Tom Lane:
> The thing that was bothering me most about this is that I don't
> understand why that's a useful check. If I meant to type
>
> UPDATE mytab SET mycol = 42;
>
> and instead I type
>
> UPDATEE mytab SET mycol = 42;
>
> your proposed feature would catch that; great. But if I type
>
> UPDATE mytabb SET mycol = 42;
>
> it won't. How does that make sense? I'm not entirely sure where
> to draw the line about what a "syntax check" should catch, but this
> seems a bit south of what I'd want in a syntax-checking editor.
>
> BTW, if you do feel that a pure grammar check is worthwhile, you
> should look at the ecpg preprocessor, which does more or less that
> with the SQL portions of its input. ecpg could be a better model
> to follow because it doesn't bring all the dependencies of the server
> and so is much more likely to appear in a client-side installation.

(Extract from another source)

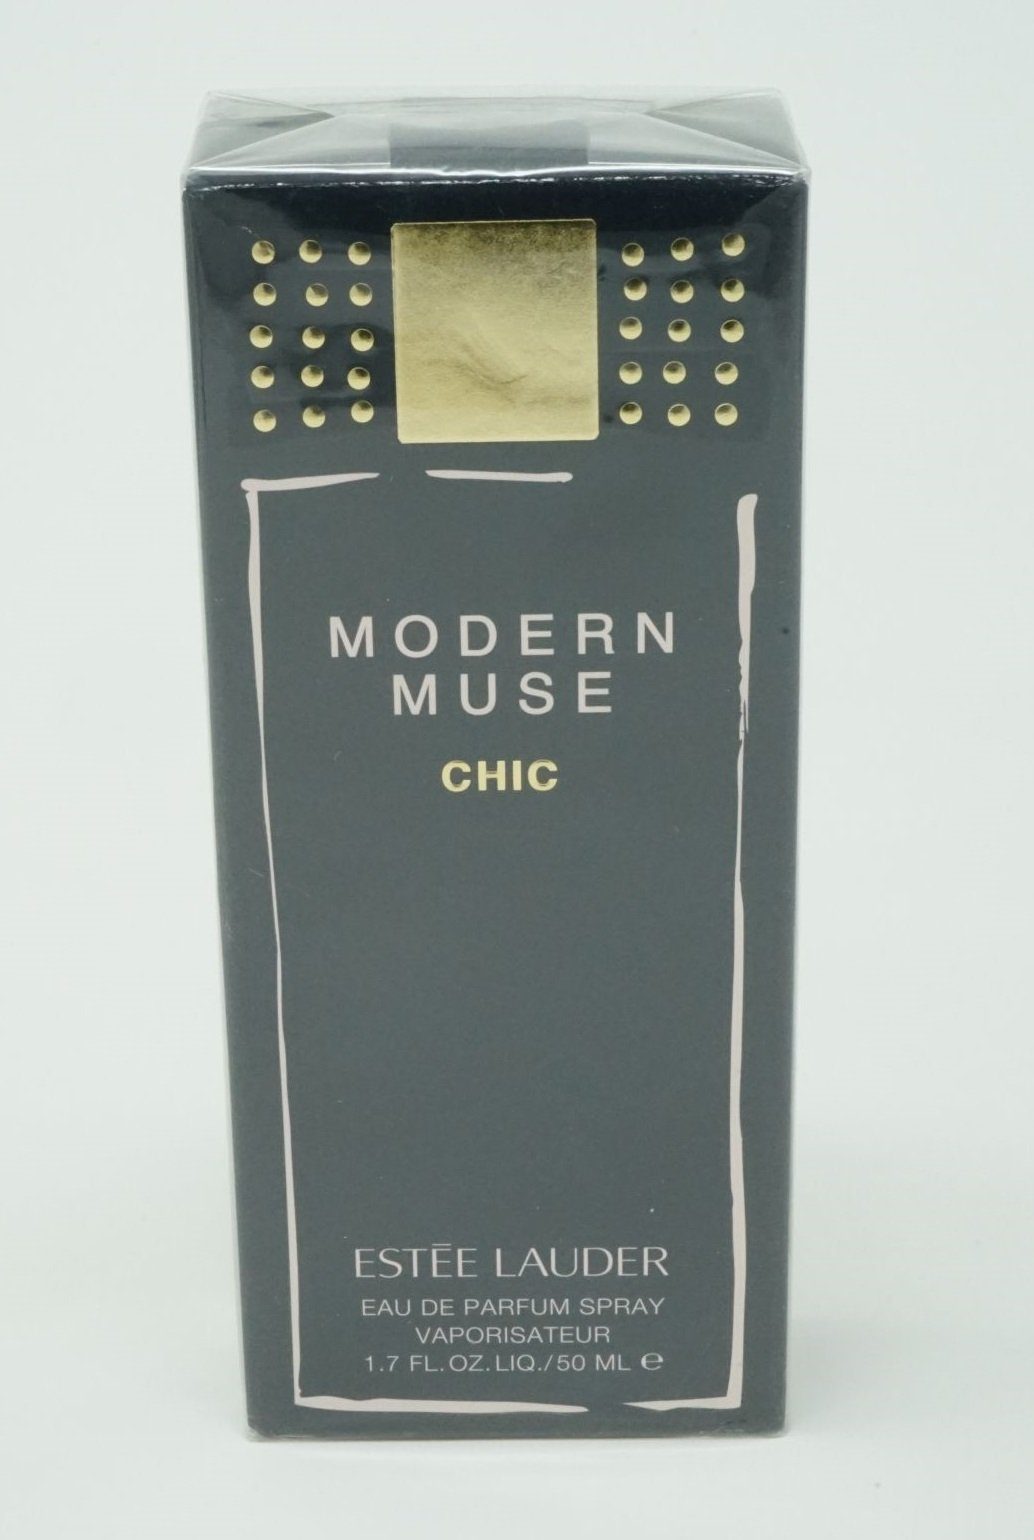 ESTÉE LAUDER Eau de Parfum Estee Lauder Modern Muse Chic Eau de Parfum Spray 50 ml

> It's kind of an ugly, unmaintained mess at the moment, sadly.
Would working with ecpg allow to get back a parse tree of the query to
do stuff with that?
This is really what is missing for the ecosystem. A libpqparser for
tools to use: Formatters, linters, query rewriters, simple syntax
checkers... they are all missing access to postgres' own parser.